Exercise prompt:
Print the lines in the listing below that fall between the line with "Stephen Wilson, Gucci Tree (Teal), 2019" and the line with "Measurement of KiWAV", those two lines included, exactly as they stand and with nothing else.
*** Opening of Given entries ***
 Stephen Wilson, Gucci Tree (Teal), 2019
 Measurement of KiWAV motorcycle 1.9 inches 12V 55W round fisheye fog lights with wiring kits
*** Close of Given entries ***
*** Opening of Given entries ***
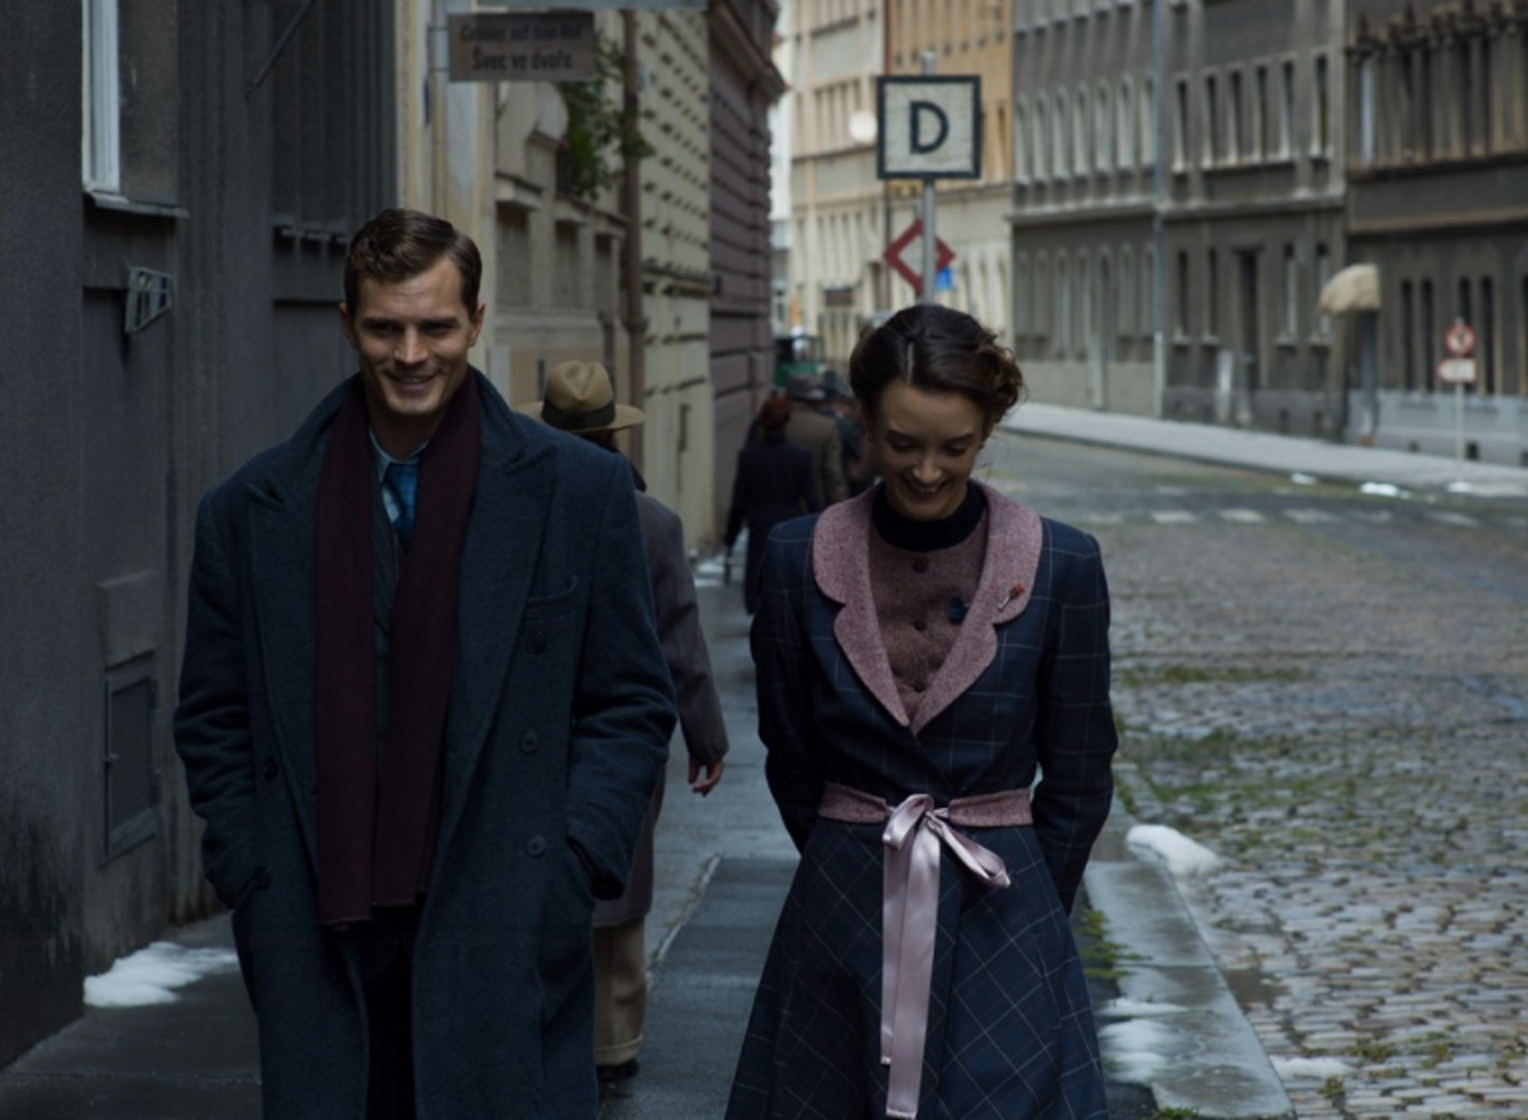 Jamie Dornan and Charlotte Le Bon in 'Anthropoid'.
*** Close of Given entries ***
Response to this task:
 Stephen Wilson, Gucci Tree (Teal), 2019
 Measurement of KiWAV motorcycle 1.9 inches 12V 55W round fisheye fog lights with wiring kits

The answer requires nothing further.